Wesley Meuris



Autobiography of a display cabinet

Interview between Wesley Meuris and Niekolaas Johannes Lekkerkerk

The work by Wesley Meuris is marked by speeches. Though his sculptures may be considered as seemingly taciturn and contemplative on the outlook, his works are ostensibly more capacious and expressive than their neutral surfaces might imply. Here one could speak of a feigned silence and neutrality, as his works are charged with ambiguity and a sense of powerplay between various actors, among institutional bodies, artists, visitors and the artworks they come to present and encounter in a readily subjective experience—so often presented as objective matters of fact. Driven by an ongoing interest in the dynamics and politics of display, among exhibition formats and institutional models, Meuris’ work is concerned with the fundamental spatial languages of displaying and exhibiting within art contexts—spatial and written languages made of objects, reference and classification systems that essentially enable and support museological knowledge production and distribution through classification and hierarchization. Here it is notable to mention his ongoing project and organization FEAK (The Foundation for Exhibiting Art & Knowledge), which grapples with the diverse aesthetics and workings of large scale exhibition enterprises. However, rather than merely supporting, in Meuris’ work the object of display becomes both subjectmatter and subject in its own right. Making a close reading of the materiality and conceptual underpinnings of display modules, among plinths, pedestals, vitrines, cabinets, information displays and book publications, and their embedding within the exhibition, the institutional archive and library, Meuris shows us how and by what means these structures and figurations are vision-inducing and transporting devices that create environments, enable and control perceptual conditions, and provide groundings for the production of subjectivity. In other words, the context of exhibiting art becomes the content of the work, as the the vice of conceptual artist Michael Asher goes.


In this interview for his exhibition at Galerie Jerome Poggi, we come to speak about the initial triggers that prompted his fascination for the politics of display, as well as the fictitious and elusive dimensions of the overarching entities in which these displays are embedded, among the structure of an agency, a gallery, an art fair, and a museum. More recently, Meuris has enquired into the possibilities and potentials of ‘future thinking’ in relation to how such sizable and ambiguous domains might inform the conception and materialization of display.
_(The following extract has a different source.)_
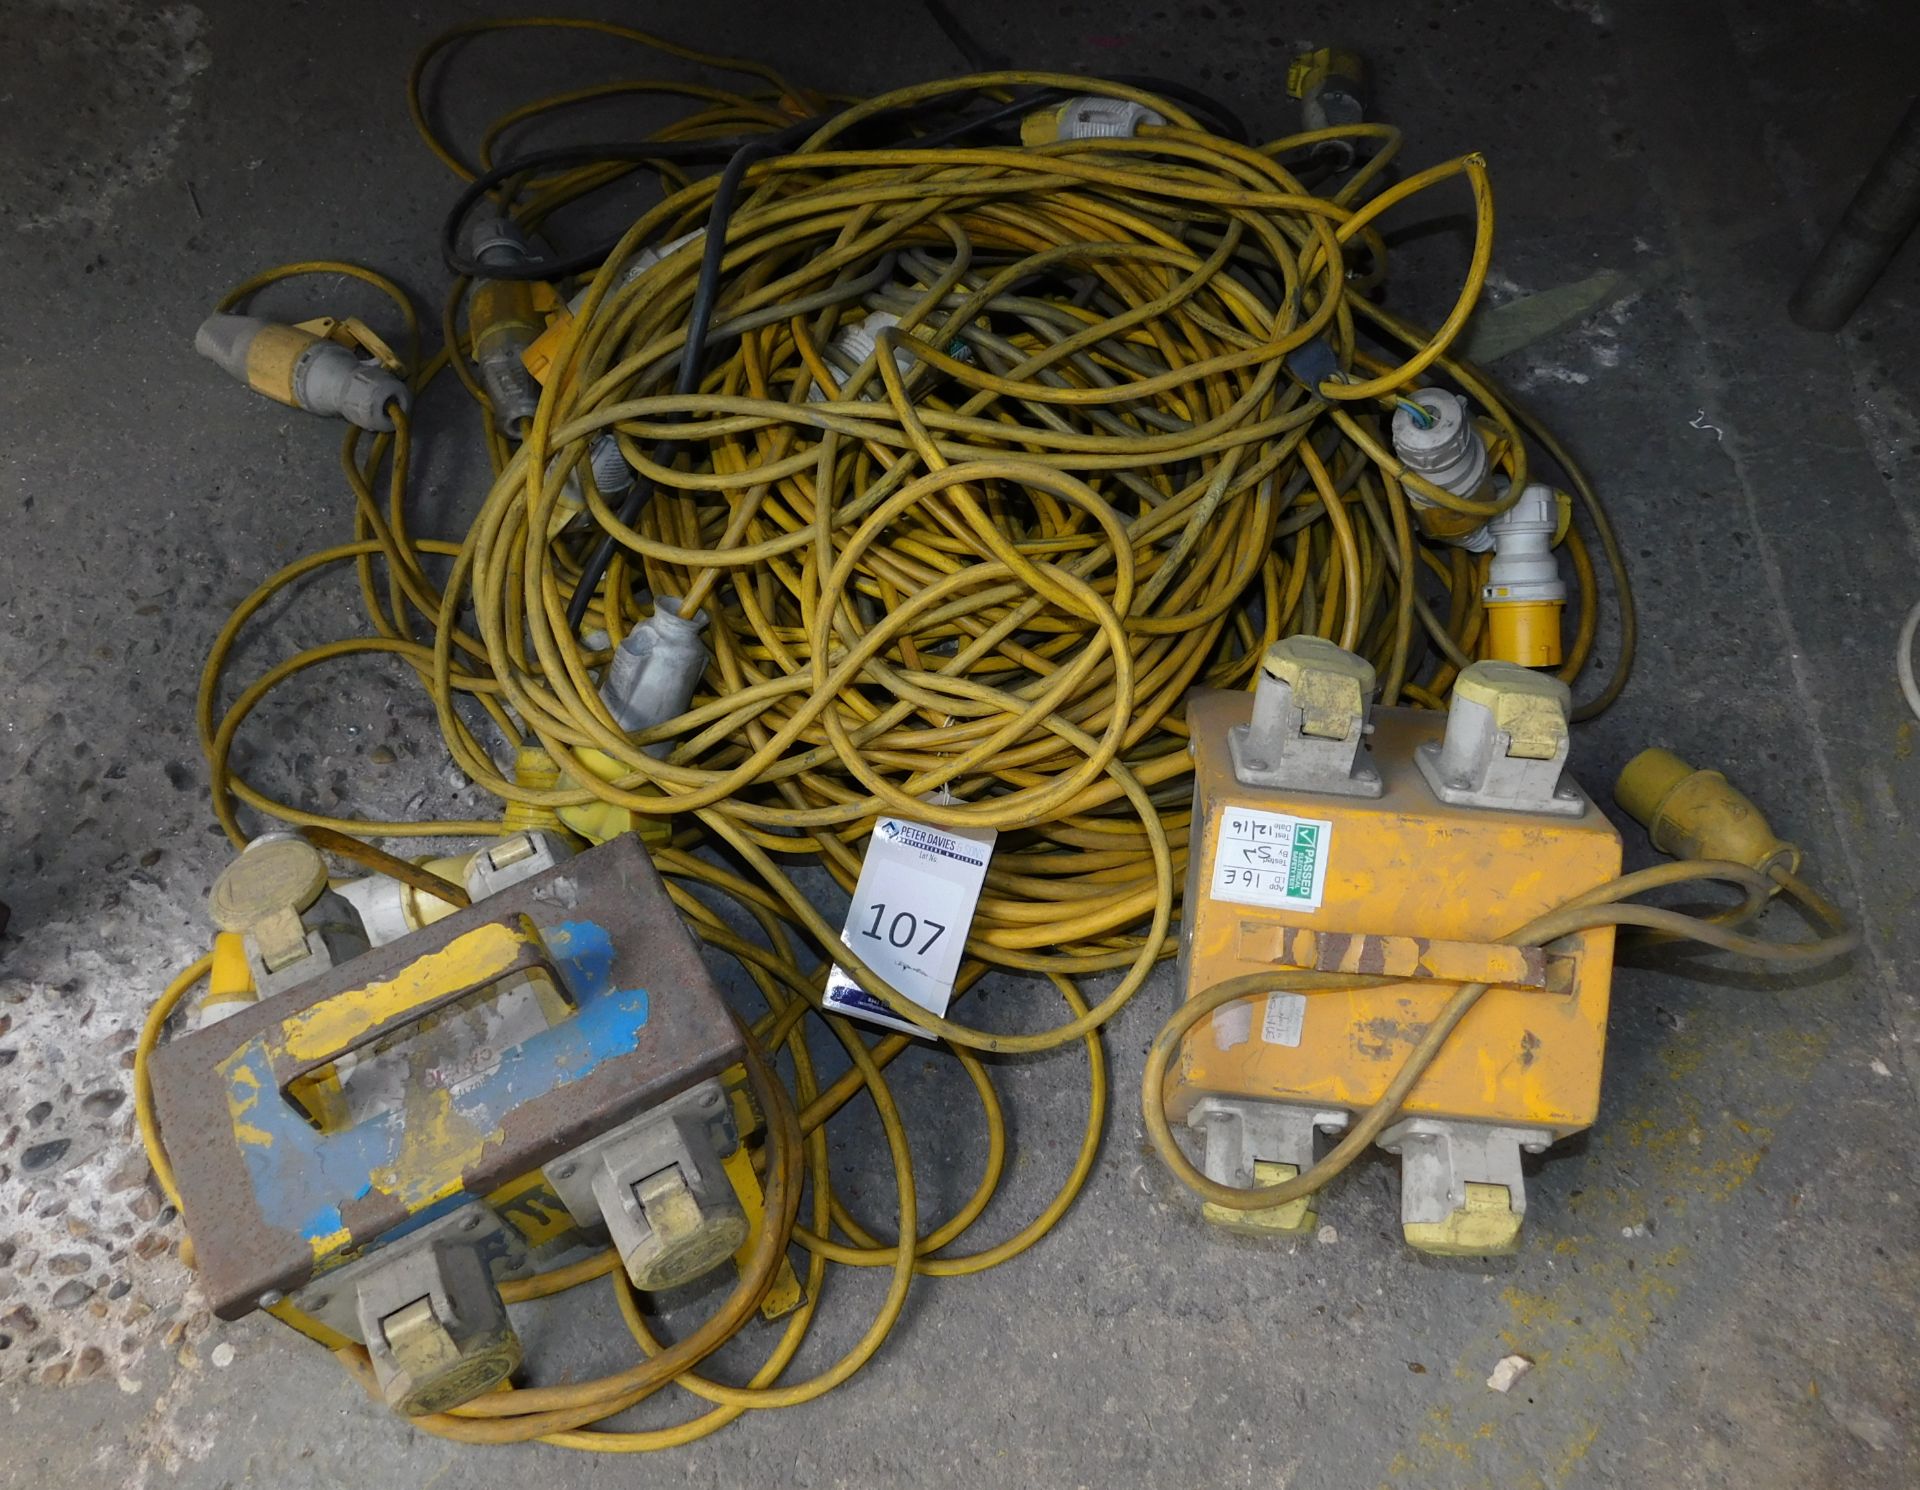 Quantity of 110V Extension Leads & 2 Junction Boxes

Niekolaas Johannes Lekkerkerk: In your work you are often concerned with display methods and politics. Could you elaborate a bit further on this ongoing interest?


Wesley Meuris: This interest initially took shape while I was working on my project Zoological Classification (2006), during which I became increasingly interested in the architectural design of animal enclosures. Not merely for the ways by which these designs create a livable context for exotic animals, but rather to engage in showing how these particular animals are shown as ‘creatures on display’.
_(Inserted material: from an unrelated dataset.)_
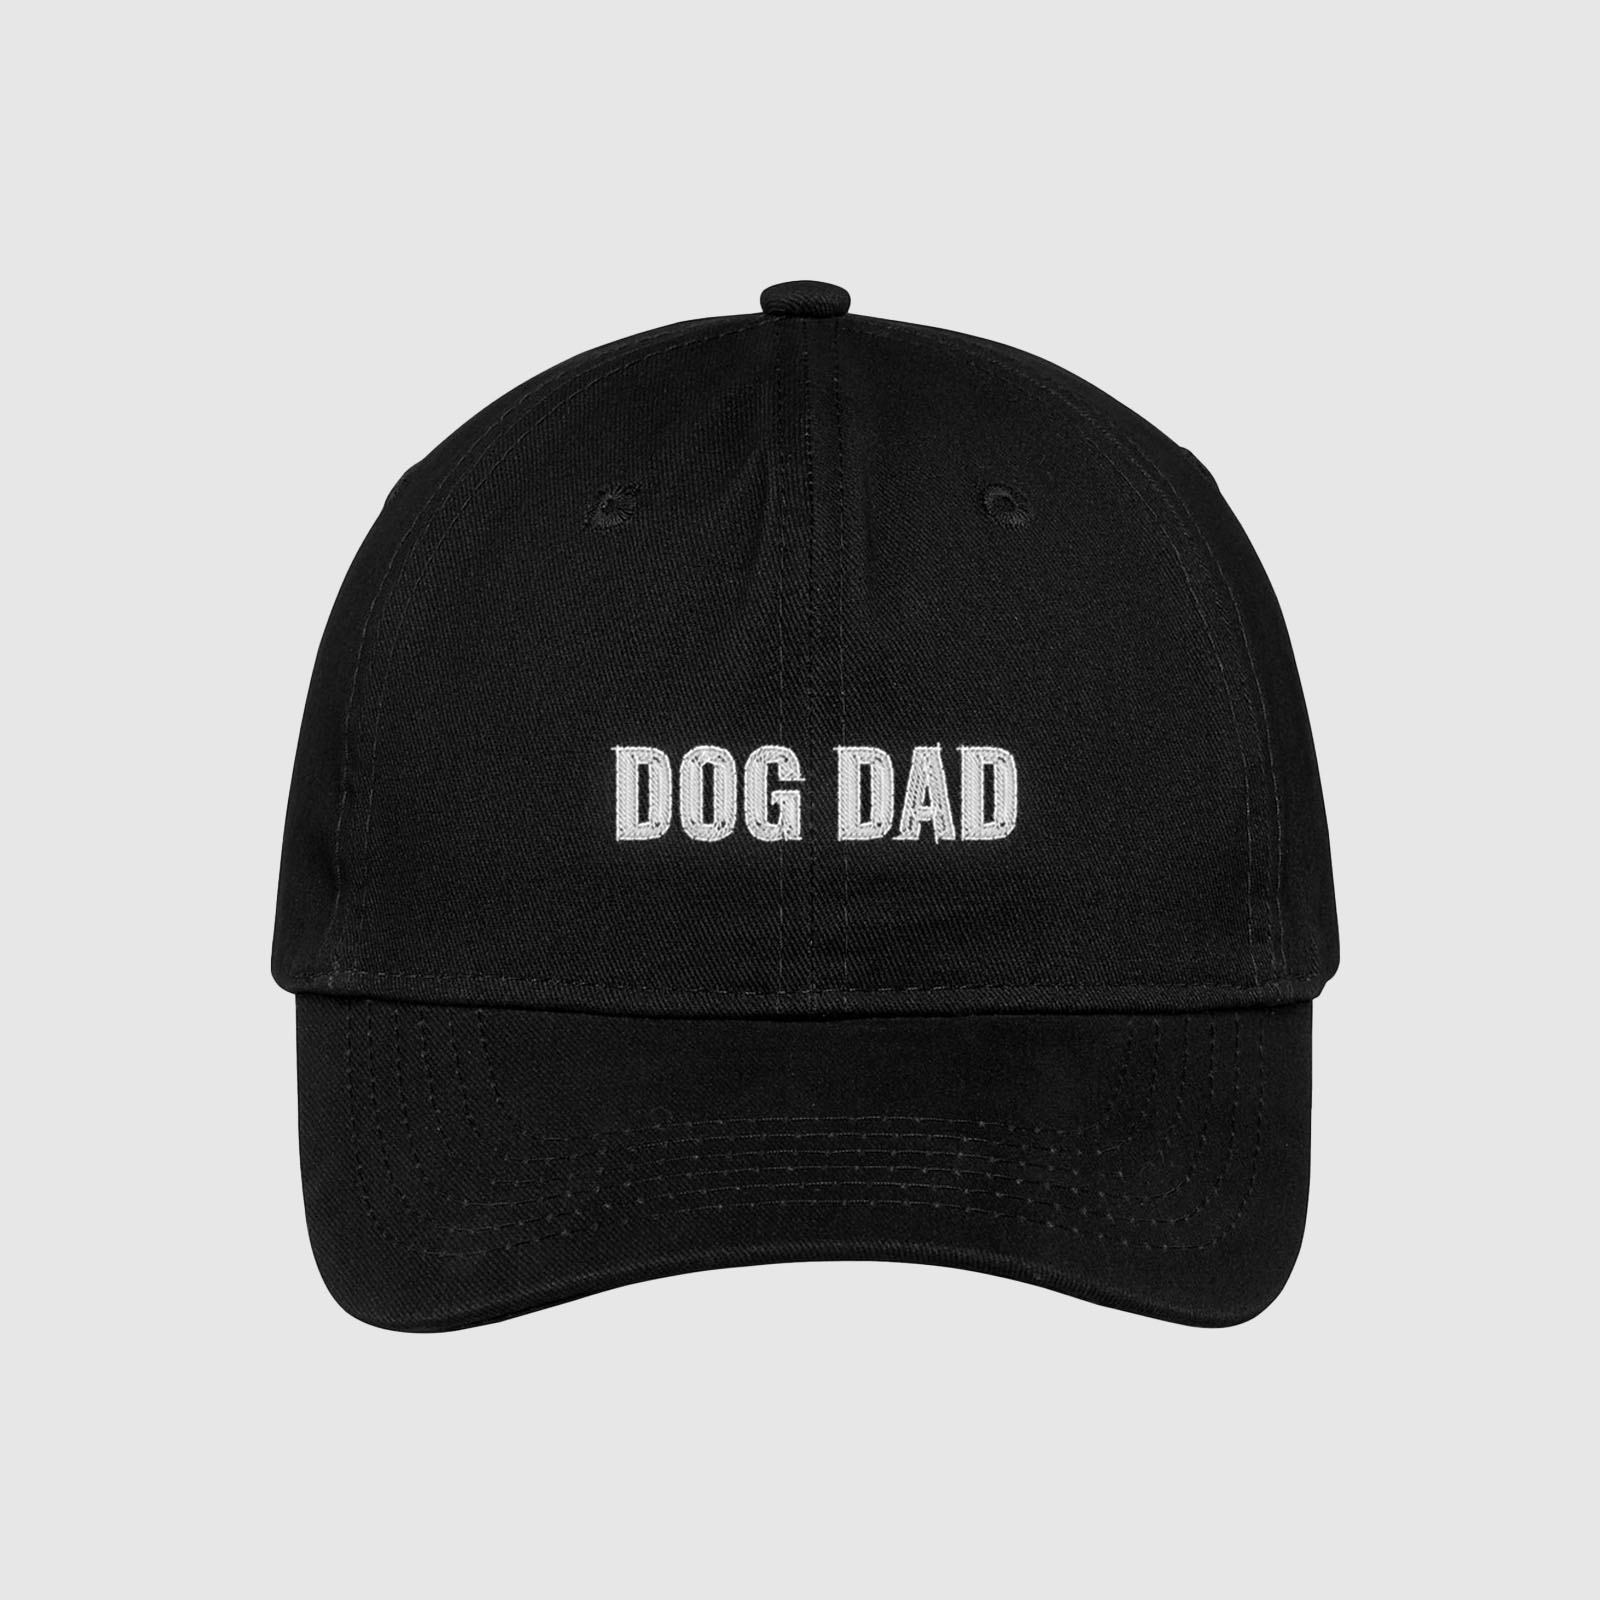 Black Dog Dad Hat embroidered with white text

Often, conditions are created to observe them in the most comfortable way—from a human point of view— by creating lifted platforms for direct eye contact with the animals, the use of glass generating proximity between object and observer, without having the hindrance of smell or experiencing some anxiety over a possible attack. Additionally, many other architectural mechanisms are used to maximize the experience for those who are on the illusionary free side of the separation; at the end, the gaze of the spectator is also caged. Whether ‘the eyes’ seek entertainment, scientific proof, or just have the desire of looking: in almost every case the animal cannot escape the gaze of the observer.
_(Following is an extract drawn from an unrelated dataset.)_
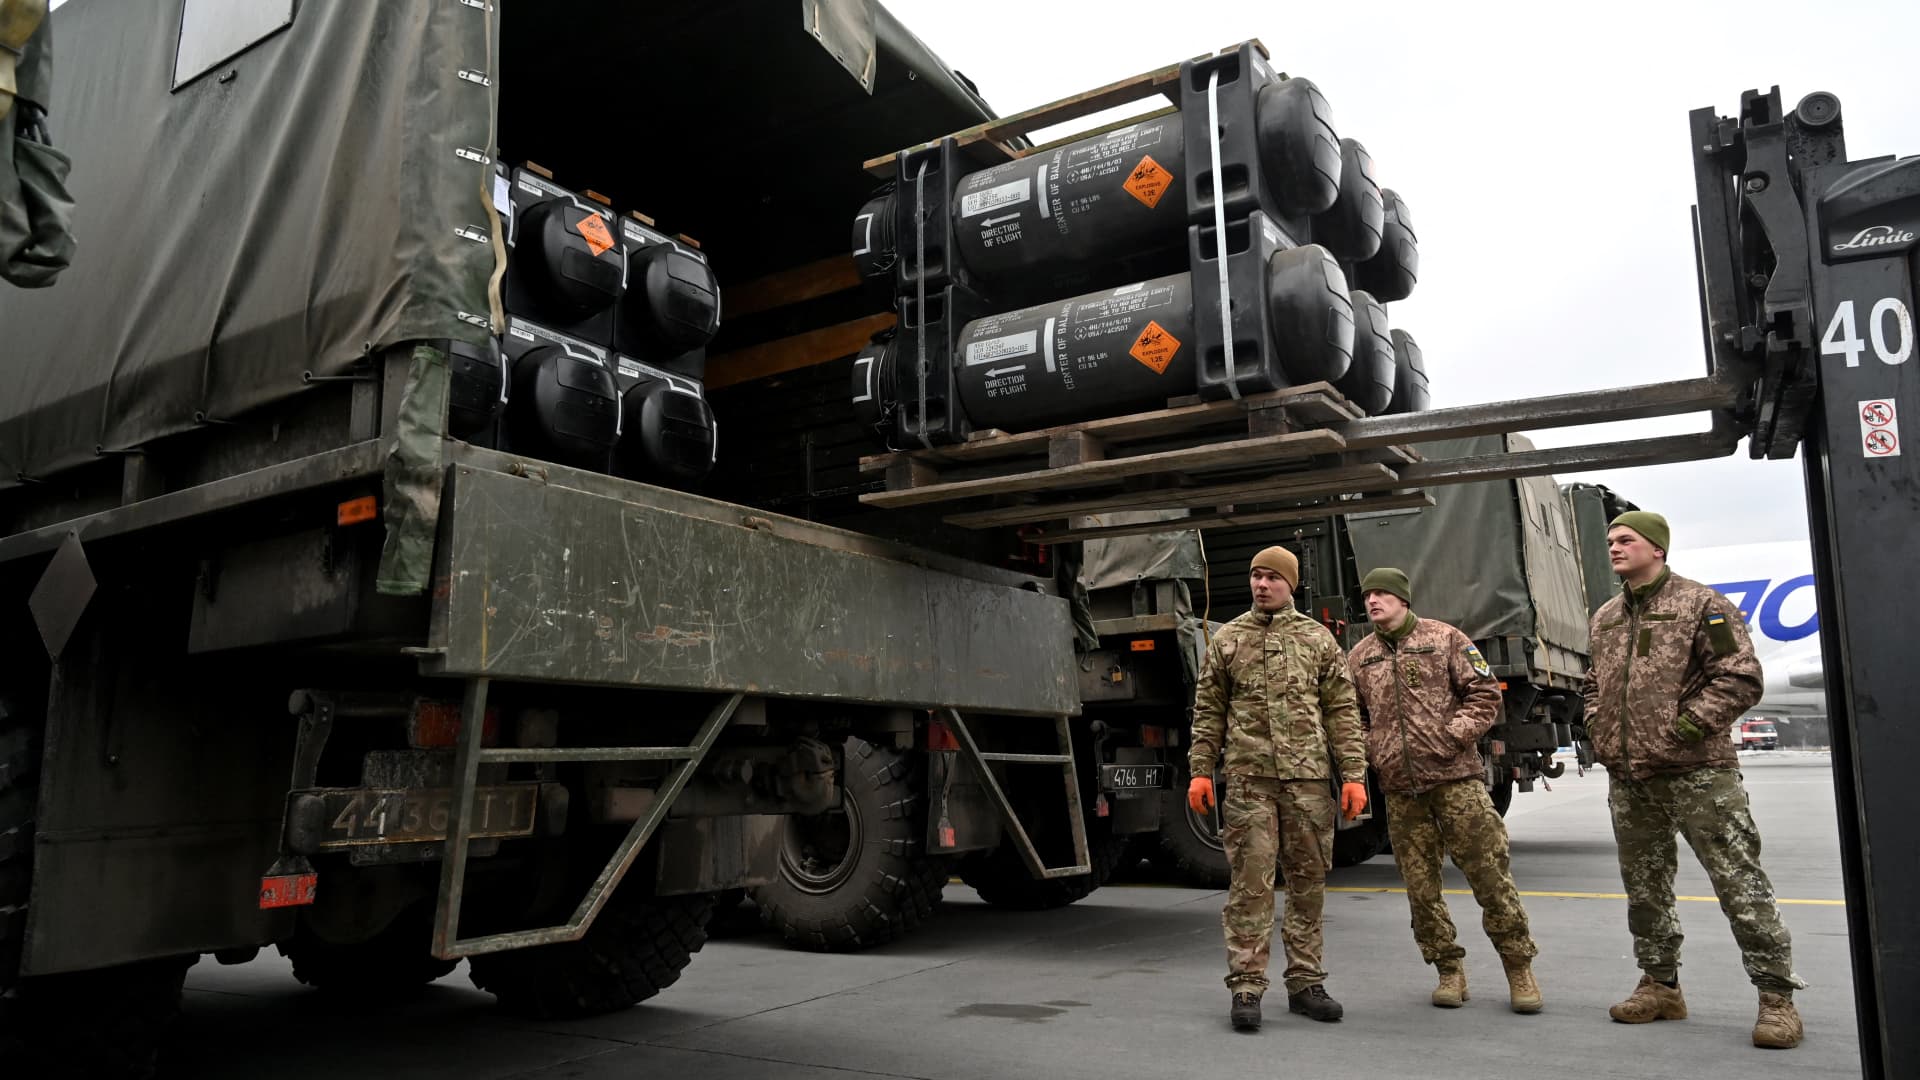 Ukraine was already stocking up on U.S.-made Javelins before Russia invaded. Pictured here a group of Ukrainian servicemen taking a shipment of Javelins as Russia positioned troops on Ukraine's border.

At a later stage, the linkages between zoological display—several enclosures arranged in a consequential order—and museum display—objects and systems of knowledge arranged within an architecture—became more obviously present in my work, but simultaneously an interesting and additional complexity appeared. More precisely so: the correlation between the constructed environment and the program of an institute as a significant ground to orchestrate a balanced context for objects on display. Not necessarily limited to one type of museum, I delved into a visual research. The showcase, the museum barrier and the information desk are just a few of the devices I examined to unravel their effects and power within the experience of the museum. Beside the physical and constructed environments present within a museum—among different types of exhibition platforms—the facilitation of information is rather important. By ‘information’, I do not exclusively mean the accompanying label of the object on display, but rather the overarching constructed program that influences the gaze and the ways in which the object of interest is perceived. I do not have to emphasize that there still is and has been done a substantial amount of research on how an exhibition could be conceived and set up: ranging from research on the content of the exhibition, but also on how the visitor behaves within the trails set out within an exhibition, to how the eye scans the architecture, the pedestals, the labels and hopefully also the objects on display. I just want to stress the power and politics of display, the considerable impact of the context.


However, there is not always a clear-cut method in creating display. When I analyze the architecture and infrastructure of institutions that show, archive, conserve and present artefacts and other objects more and less related to art, I cannot rid myself of the palpable and visible field of tension between the scientific policy on the one hand, and the visually stimulating presentation on the other: between the collection as heritage and the institutions’ longing for renewal, between political control and artistic freedom, economic input and public return, and so on, and so forth. The negotiation and dynamic between these parameters—in relation to the physical design and the communication mechanisms—are an inexhaustible domain of fascination for me.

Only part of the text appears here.